George W. Darden, Dist. Atty., Richard L. Moore, Asst. Dist. Atty., Marietta, Arthur K. Bolton, Atty. Gen., Julius C. Daugherty, Jr., Atlanta, for appellee.

Syllabus Opinion by the Court

HILL, Justice.

The appellant, Joe Favors, appeals his conviction for the offense of murder and sentence to life imprisonment.

The record and transcript show that on the evening of November 16, 1973, the appellant shot Eddie Lee Gunn, that Gunn was taken to the hospital, that appellant was arrested early the following day for aggravated battery, that Gunn died on December 7, that a commitment hearing on the charge of murder was held on December 28, 1973, at which appellant's counsel cross examined detective Owens, that appellant was indicted for murder on January 22, 1974, that the indictment listed 13 witnesses, that appellant's counsel made demand for a list of the state's witnesses on February 4 prior to arraignment, that the state furnished such list containing 25 names (12 names in addition to those shown on the indictment) on February 20, that at the call of the case on Thursday, February 21, appellant's motion for continuance based upon the 'late supplying' of the witness list was granted, thereby continuing the case from Monday, February 25, to Wednesday, February 27, and that upon the call of the case on February 27 appellant's objection to trial commencing that day was overruled.

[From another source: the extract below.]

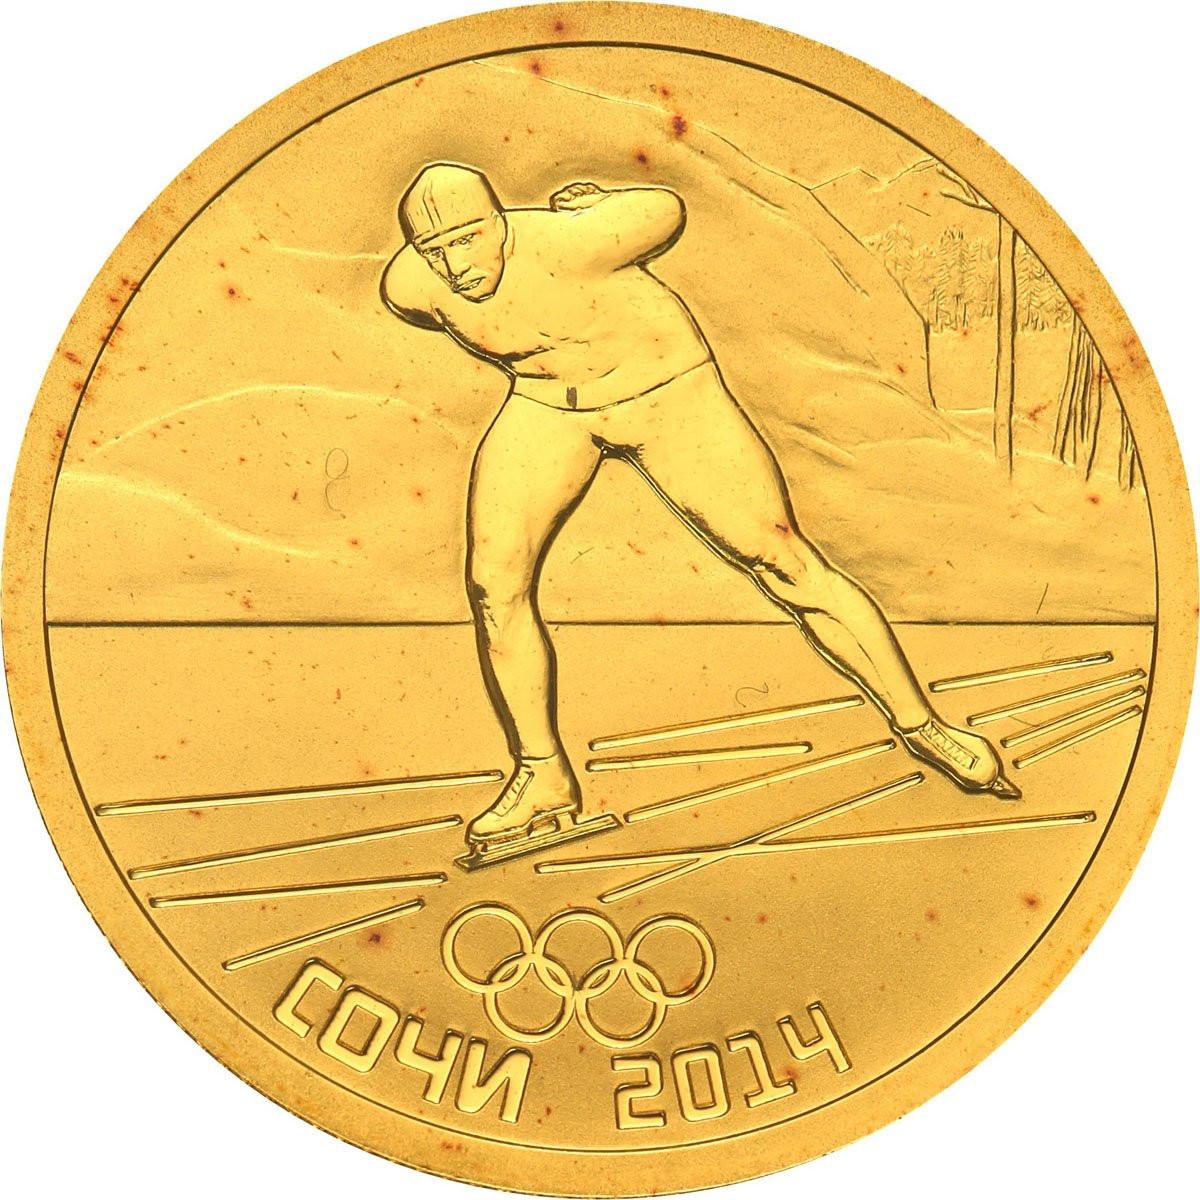 Rosja. 50 Rubli 2014 Olimpiada Soczi - Łyżwiarz - 1/4 uncji złota
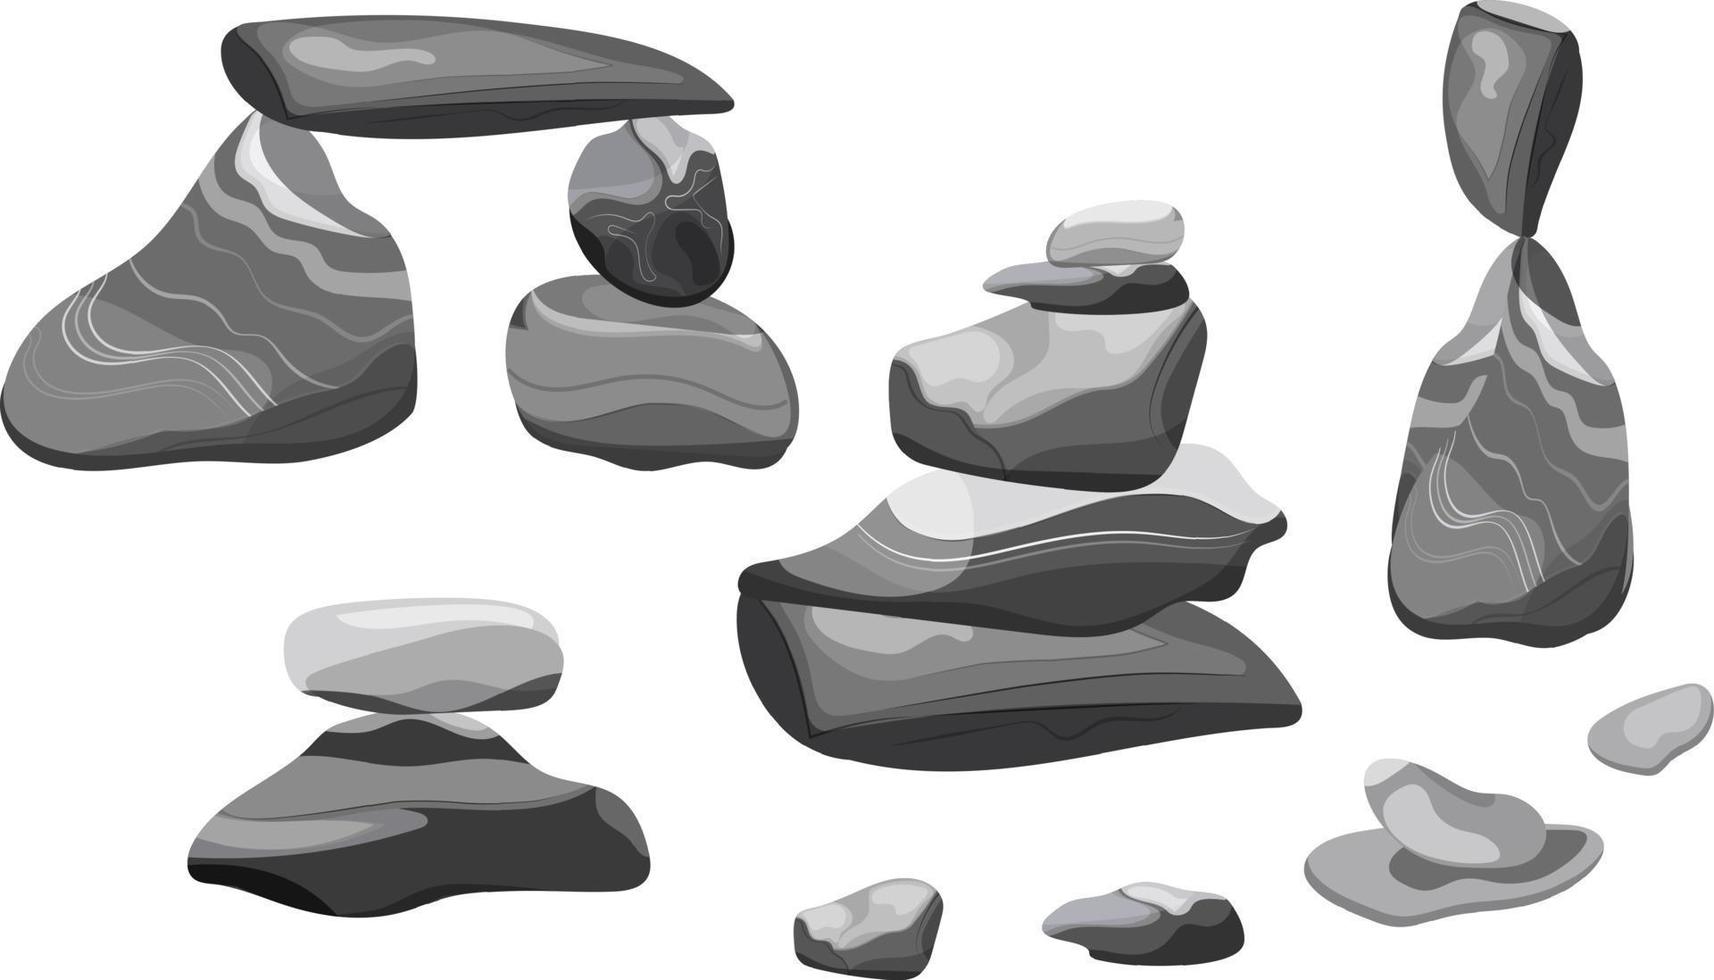 collezione di pietre e impianti di vario forme.costiere ciottoli, ciottoli, ghiaia, minerali e geologica formazioni.roccia frammenti, massi e edificio Materiale. vettore

The testimony given at the trial consisted of 7 witnesses for the state and the accused on his own behalf. Six of the 7 state's witnesses were listed on the indictment. The other witness was detective Owens who had testified at the December 28 commitment hearing and whose name was on the February 20 witness list. Of the 7 state's witnesses, 3 were witnesses to the offense, 3 were police officers, and the other was a physician who treated the deceased on the night he was shot. Their testimony showed that the following occurred:

On November 16, 1973, at about 6:30 p.m., Michael Delk went to his common law wife's apartment in Marietta to see his child. Upon his arrival the only persons present were his wife (Melba Hines), her mother, and the child. About an hour later Melba's sister, Rosa Lee Hines, arrived at the apartment with her own baby. Subsequently, the appellant (Favors) and two companions arrived, stayed about 5 or 10 minutes, and left. The victim (Gunn) arrived at about 9:30 p.m. The victim and Delk went out on the back porch to discuss the sale of a .22 caliber pistol that the victim had. Delk took the gun from the victim and at some point placed it in his wife's dresser.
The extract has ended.